Fabio Porchat teve algumas grandes sacadas em sua criação e foi isso o que aliviou um pouco as piadas que possam vir a ser consideradas de mau gosto. Ele criou o personagem soropositivo forte, com autoestima elevadíssima e consciente de seus deveres e obrigações enquanto portador de um vírus ainda mortal. Isso tira um pouco o mito de que a maioria das pessoas que se descobrem com aids se revoltam e saem por ai infectando todo o mundo. 

O objetivo principal de Beto é encontrar todas as ultimas parceiras para informar que ele tem aids. E conscientizá-las de que também precisam fazer o teste. De muitas delas, ele só tem o telefone e Facebook como referência.

Foi uma atitude louvável da parte de Porchat consultar e ouvir profissionais de saúde especializados e pessoas vivendo com HIV/aids, coisa que normalmente ninguém faz quando vai trabalhar com esse tema. Na maioria das vezes, nos procuram só para dizer que não falei das flores... E nos alegam que já foi tudo gravado, editado e nenhuma mudança pode ser feita.

Por último, outra boa ideia foi manter o feeling do humor, porém sem brincar com a doença e sim com as situações que um portador pode viver. Eu, por exemplo, já vivi várias situações das quais, hoje, costumo rir e brincar.
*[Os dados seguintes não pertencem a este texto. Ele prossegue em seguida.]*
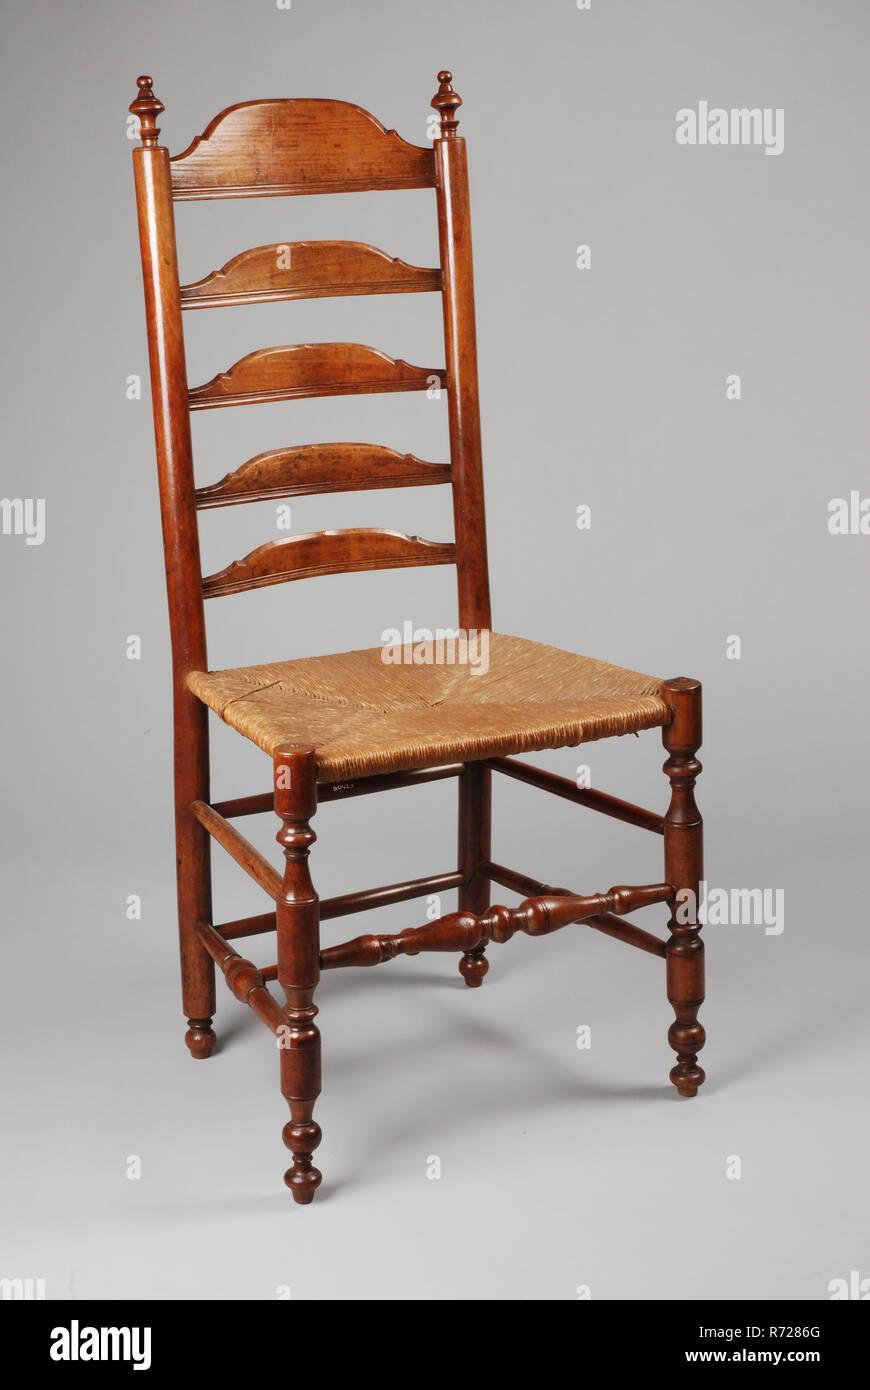 Kirschholz taste Stuhl, knopf Sitz Stuhl möbel Möbel ...

Há muita desinformação por parte do Rafa e outros personagens que, a meu ver, a web serie “Viral” retrata exatamente como é na vida real. Ela reproduz bem a forma com que o nosso governo e a moçada, hoje em dia, vê a aids.

O governo a trata com descaso, como se fosse um mal comum. Por isso, quer tirar o tratamento da atenção especializada e jogar na atenção básica de saúde. Mostra, com isso, que dá pouca importância a uma doença que ainda não tem cura, infectou mais de 40 mil e matou mais de 12 mil brasileiros só em 2013.

A moçada, muitas vezes, não tem noção das dificuldades da adesão aos medicamentos, em função de seus fortes efeitos colaterais, do estigma, do preconceito que a aids ainda acarreta a quem vive e convive com ela. 

Isso é um reflexo das desastrosas ações do nosso atual governo. Ele não tem priorizado as ações educativas de prevenção. Tanto que vetou todas as campanhas destinadas ao público que hoje está entre os mais vulneráveis em contrair a doença: os nossos jovens .

Recente pesquisa aponta que 40% das meninas de 14 a 25 anos e um de cada três meninos nunca usam preservativos.
Uma das razões para a atual política do governo brasileiro contra a aids ter péssimos resultados e grandes retrocessos é que seus representantes não escutam as Ongs nem as pessoas soropositivas. 

O que temos visto é a aids sendo usada como moeda de troca política pelo governo junto à bancada religiosa. Sem falar dos interesses financeiros que permitem absurdos como, por exemplo, a Fifa editar um manual para ser distribuído nas escolas públicas pregando abstinência sexual, fidelidade e camisinha, pelo que dá para entender na cartilha, só no caso de ter mais de um parceiro sexual. Ou seja, tudo ao contrário do que a política de saúde brasileira construiu até aqui. 

Fica claro que a prioridade do governo são as ações de testar e tratar imediatamente, nas quais quem lucra são as indústrias farmacêuticas.

Aprovar a venda dos testes rápidos em farmácias sem nenhuma proteção aos direitos humanos das pessoas que vivem com aids é mais um exemplo dessas desastrosas ações do governo no combate. Para que prevenir né? Se todos forem educados para a prevenção, a epidemia de aids acaba e, junto, a indústria de medicamentos contra a doença.

Na atual conjuntura, a aids, assim como a Copa do Mundo, virou mesmo motivo de piada de brasileiros. Os argentinos e portugueses que nos digam.